Apparently these days I do a better job scribbling down things about the places I visit than actually doing any real student-y or fic writer-y things, so here I am. In another coffee shop, on another continent, and it's almost weird how much my brain shifts from gear to gear when I swing back to the little island. Over West I call this entire expansive region ASIA, as if I could tool it down as just the place over in the east
. I never like calling it Asia; I try hard not to call it Asia; everyone around me calls it Asia-Asians-Asianish and eventually you either have to cave or turn into a roaring monster of semantic usage, and I chose the former. In the interests of accuracy I suppose I'm Southeast Asian; that (again?) is a colonial neologism, a slapped together conglomeration of the Bits of Asia that Aren't China or In Danger of Becoming Australia and Definitely Not Japan or Korea. Or India.
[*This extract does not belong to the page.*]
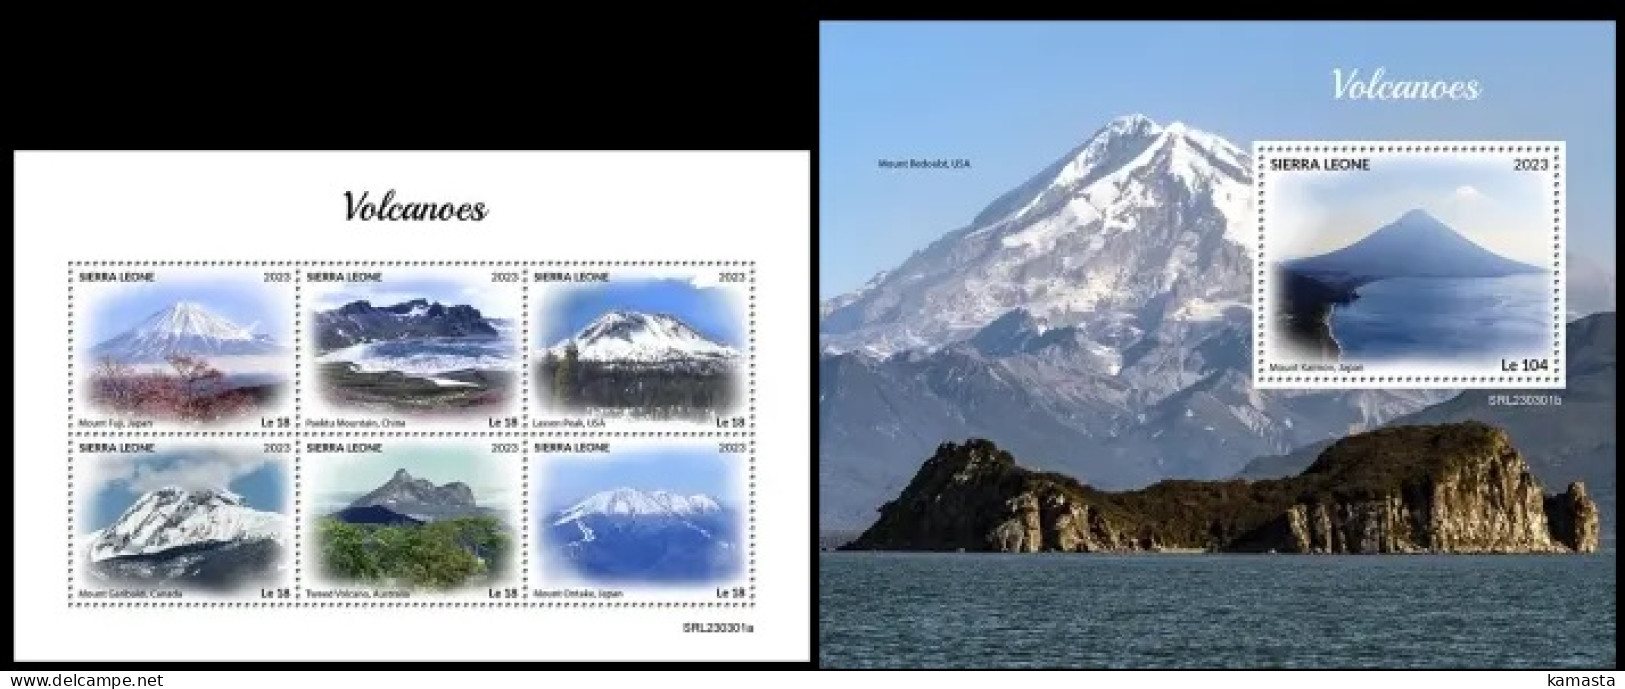 Sierra Leone  2023 Volcanoes. (301) OFFICIAL ISSUE - Volcanes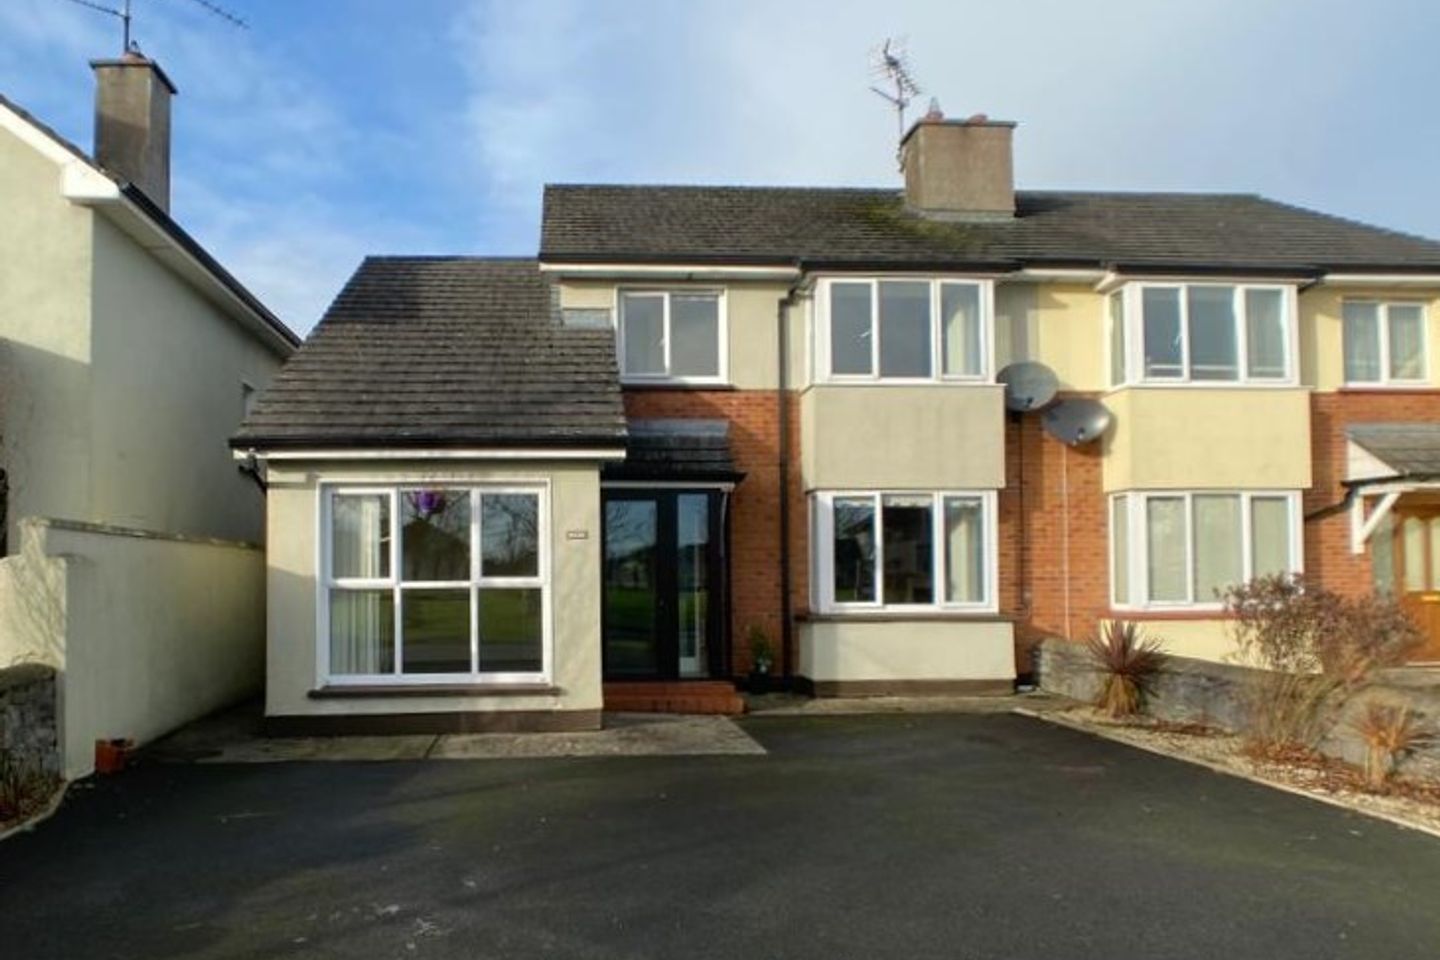 108 Palace Fields, Tuam, Co. Galway

BUT THERE IS A LOT OF US, I mean:
-- and that horrible graphical representation of reality only covers the bits that are within shouting range of the Exaggerated Dot. Go a little fur
ther up and there's Vietnam and Cambodia and Myanmar/Burma and all these other places that are part of the
happy alliance that is ASEAN. I don't know the slightest thing about most of these places; I haven't been to a large number of these places; I don't think there's too much in common (linguistically, culturally, ethnically) between most of our nations and if we were to band together as a bunch of post-colonial "been there, done that, got stamped all over by the British/Dutch/French" Thailand would be rather unhappy and lonely in its never-been-conquered-before corner.
I'm home, in mostly-Chinese Exaggerated Dot in the middle of Mostly Muslim South-South East Asia (WE ARE THE FAR EAST!1!1) chilling out in one of the few malls that isn't connected to other malls by some giant underground advertising tunnel system eating at a coffee chain that can be found everywhere else in the world. *HEADCLUTCH* Mostly I should live on the internet, which is where I return to every time I have more than 30 seconds of free time from university life.
So, I'm back. I wonder if it's a weird harmonic thing that led me to making a lot of international school friends in college; the vibrations of not-displaced-displacement?
In other news, my hazelnut drink tastes full of delicious. Now to get off the thinky-thoughts horse to go write some corporate Reno and/or a bunch of original things that involve screaming and torture by education.